I drove my youngest to her dual-enrollment classes at the university yesterday morning. The van died on the way. Revived, then died again. Then, finally, coughed its last and refused resurrection in the campus parking lot.
The van died yesterday morning, and that was but one frustration in a long litany of bumps and scrapes and disappointments that piled up over the week.
Sigh.
I had another sleepless night last night, partly due to hormone changes that attend this lovely season of life called menopause, and partly due, no doubt, to stress and concerns that dogged my restless mind.
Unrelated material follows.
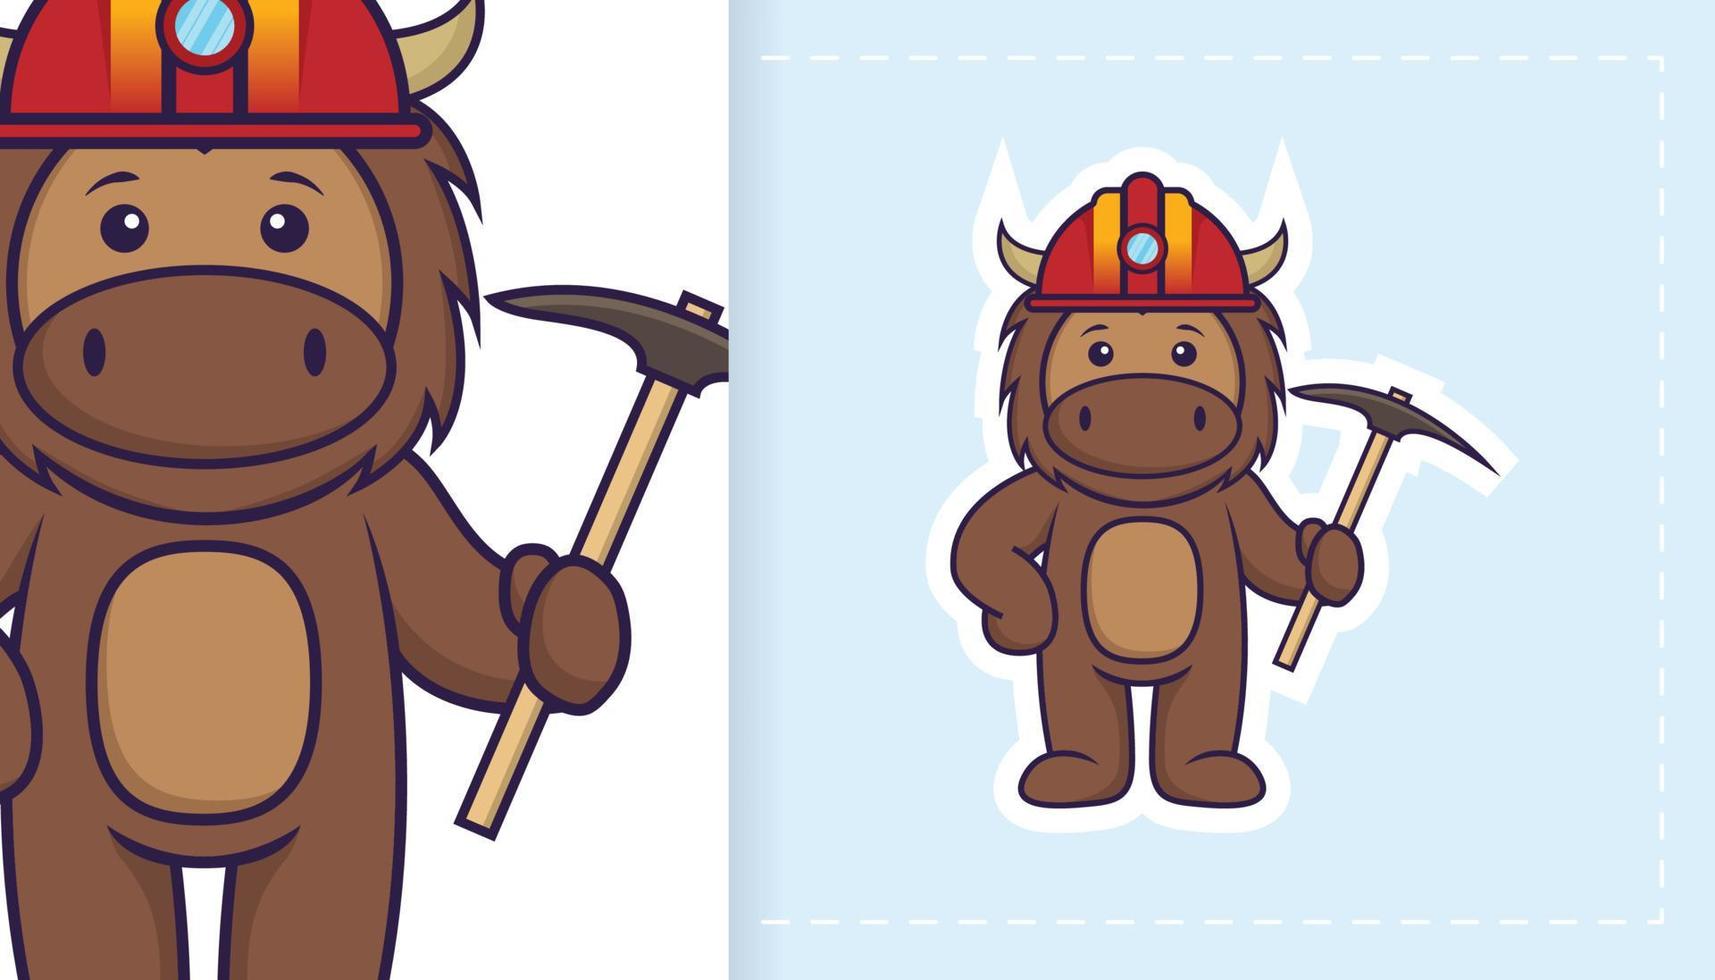 personagem de mascote de touro bonito. pode ser usado para adesivos, patches, têxteis, papel. ilustração vetorial vetor

It is SO DAMN HARD to maintain a cheerful attitude when I am mentally, emotionally, and physically exhausted.
But this morning…
When I stumbled bleary-eyed into the kitchen to begin cooking breakfast, I found…
Thou Art Indeed Just, Lord
by Gerard Manley Hopkins
Justus quidem tu es, Domine, si disputem tecum; verumtamen justa loquar ad te; quare via impiorum prosperatur? (Jeremiah 12:1)
Thou are indeed just, Lord, if I contend
With thee; but, sir, so what I plead is just.
Why do sinners’ ways prosper? and why must
Disappointment all I endeavour end?
Wert thou my enemy, O thou my friend,
How wouldst thou worse, I wonder, than thou dost
Defeat, thwart me? Oh, the sots and thralls of lust
Do in spare hours more thrive than I that spend,
Sir, life upon thy cause. See, banks and brakes
Now, leavèd how thick! lacèd they are again
With fretty chervil, look, and fresh wind shakes
Them; birds build – but not I build; no, but strain,
Time’s eunuch, and not breed one work that wakes.
Mine, O thou lord of life, send my roots rain.
The poem was lying on my kitchen counter this morning, left there by a messy student who was up late last night working on a paper for her English class, a girl who little knew how disheartened her mother felt.
I love that the God who “dost defeat and thwart me” writes love letters to remind me that I am not alone (others greater than myself have struggled before me) and to assure me that I am not forsaken.
Encouraged anew, I pray with Hopkins, “O thou lord of life, send my roots rain.”